To configure named mapping to the certificate

  1. Log on to the computer hosting Active Directory.

  2. On the Windows desktop, click Start, point to Programs, point to Administrative Tools, and then click Active Directory Users and Computers.

  3. Expand the domain name, right-click Computers, point to New, and then click Computer.

  4. In the New Object - Computer dialog box, enter the NetBIOS name of the computer that is hosting the ACS Forwarder, and then click Next. Repeat this step for every computer that hosts an ACS Forwarder.

  5. In the Managed dialog box, ensure that This is a managed computer is not selected, and then click Next.

  6. In the New Object - Computer dialog box, click Finish.

  7. In Active Directory Computers and Users, in the right pane, right-click the computer (or computers) you added, and then click Name Mappings.

  8. In the Security Identity Mapping dialog box, click X.509 Certificates, and then click Add.

  9. In the Add Certificate dialog box, click the Look in menu, select the location where the exported certificate is located, and then click Open.

  10. In the Add Certificate dialog box, ensure that Use Subject for alternate security identity is selected, and then click OK.

  11. In the Security Identity Mapping dialog box, click OK.

  12. Repeat steps 4–11 for each computer you have added.

After you complete these procedures, you need to enable the ACS Forwarders. For more information, see How to Enable Audit Collection Services (ACS) Forwarders.

To export the certificate

  1. On the Windows desktop, click Start, and then click Run.

  2. In the Run dialog box, type mmc, and then click OK.

  3. On the File menu, click Add/Remove Snap-in.

  4. In the Add/Remove Snap-in dialog box, click Add.

  5. In the Add Standalone Snap-in dialog box, click Certificates, and then click Add.

  6. In the Certificates snap-in dialog box, select Computer account, and then click Next.

  7. In the Select Computer dialog box, select Local computer (the computer this console is running on), and then click Finish.

  8. In the Add Standalone Snap-in dialog box, click Close.

  9. In the Add/Remove Snap-in dialog box, click OK.

  10. In the Console Root\Certificates (Local Computer) pane, expand Certificates (Local Computer), expand Personal, and then click Certificates.

  11. In the results pane, right-click the certificate you are using for Operations Manager, point to All Tasks, and then click Export.

  12. In the Certificate Export Wizard, on the Welcome page, click Next.

  13. On the Export Private Key page, select No, do note export the private key, and then click Next.

  14. On the Export File Format page, select DER encoded binary X.509 (.CER), and then click Next.

  15. On the File to Export page, click Browse.

  16. On the Save As page, select a folder and file name for the certificate, ensure that the Save as type is set to DER Encoded Binary X.509 (*.cer), and then click Save.

    Note

    You will need to copy this certificate to the computer hosting the ACS Collector, so choose a location that the ACS Collector can read from, or consider saving the certificate to a disk, USB flash drive, or network share.
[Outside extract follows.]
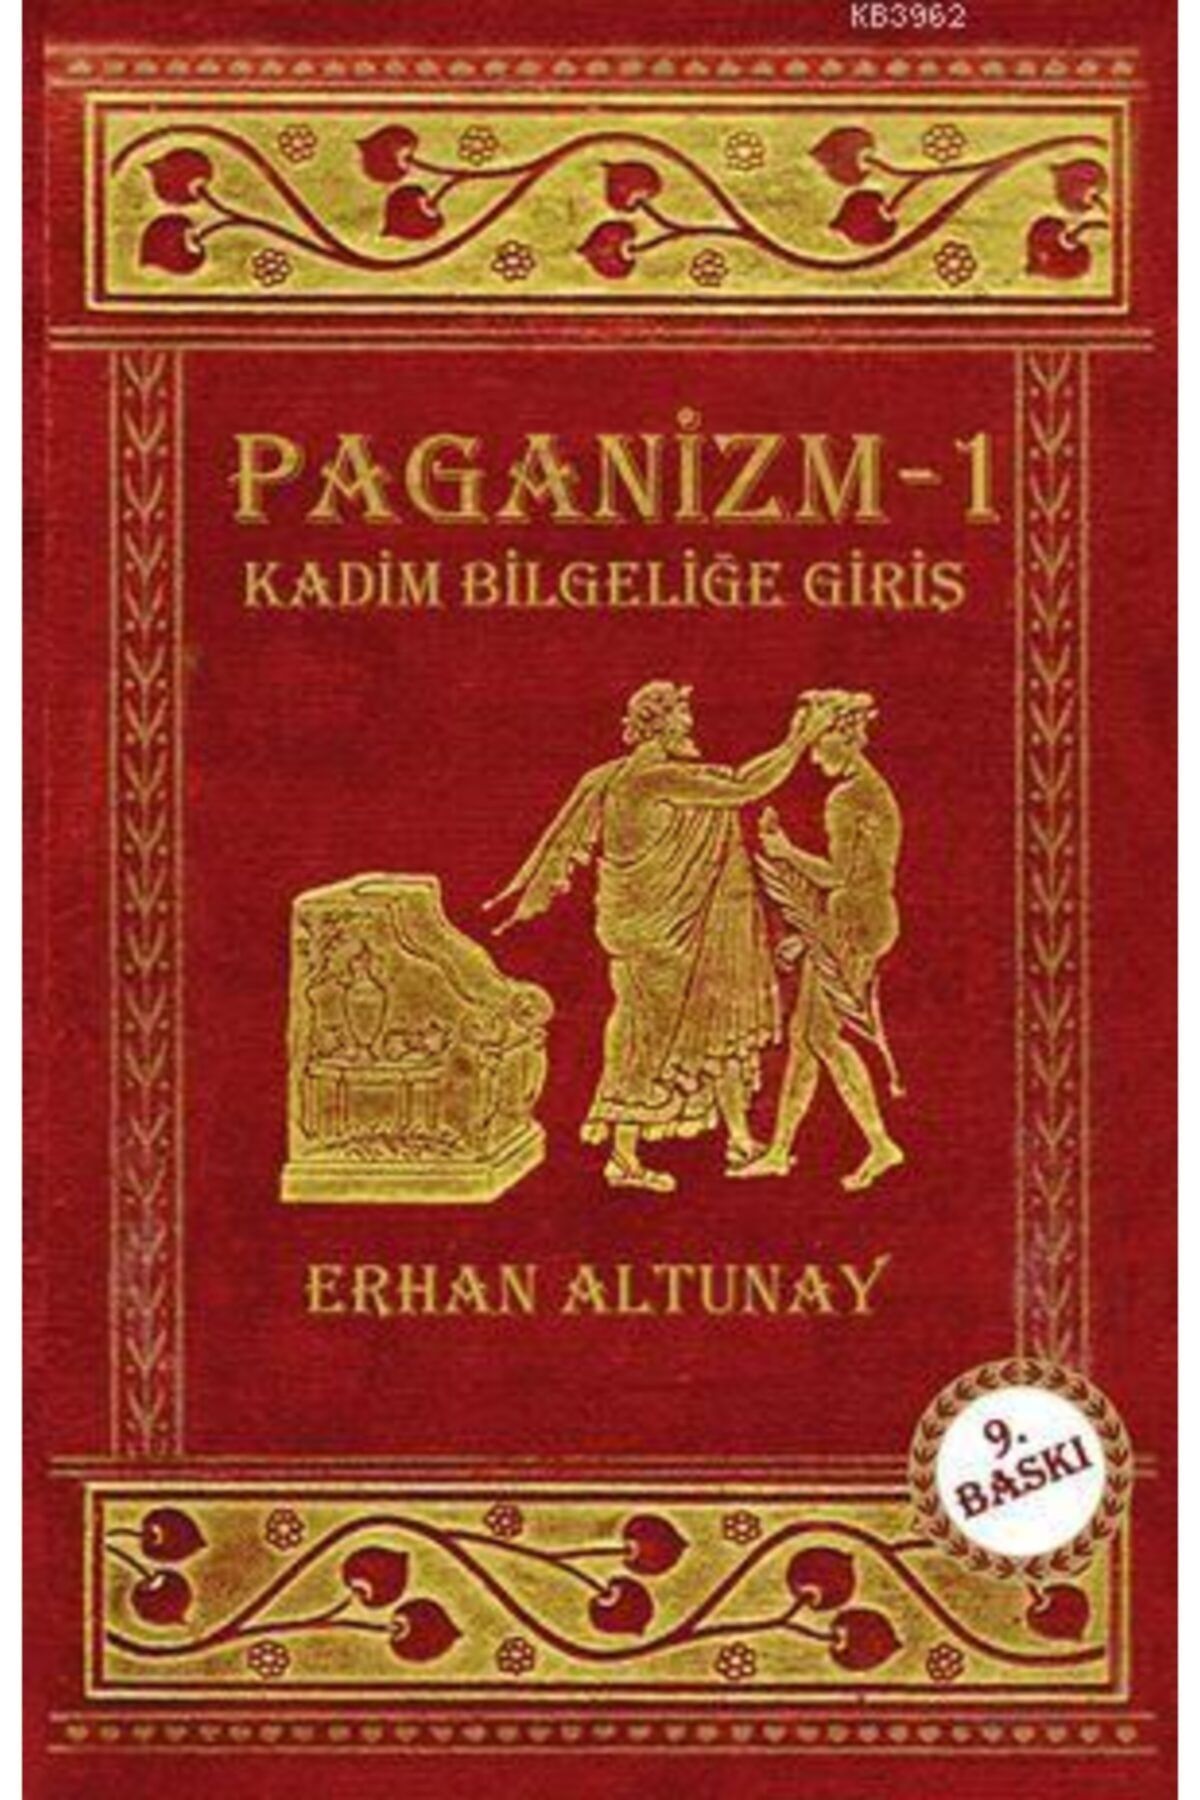 Hermes Yayınları Paganizm 1 - Kadim Bilgeliğe Giriş / Erhan Altunay / / 9789756130438

In addition, it is recommended that you include the computer name in the file name if you are exporting certificates from more than one computer.

  17. On the File to Export page, ensure that the path and file name are correct, click Next, and then click Finish.

To run the adtagent command

  1. On the Windows desktop, click Start, and then click Run.

  2. In the Run dialog box, type cmd, and then click OK.

  3. At the command prompt, type <drive_letter>: (where <drive_letter> is the drive where the Operating System is installed), and then press ENTER.

  4. Type cd %systemroot% and then press ENTER.

  5. Type cd system32 and then press ENTER.

  6. Type adtagent -c and then press ENTER.

  7. You will see a numbered list of certificates. Find the certificate used for Operations Manager, type the number in the list (should be 1), and then press ENTER.

  8. Type exit to close the command window.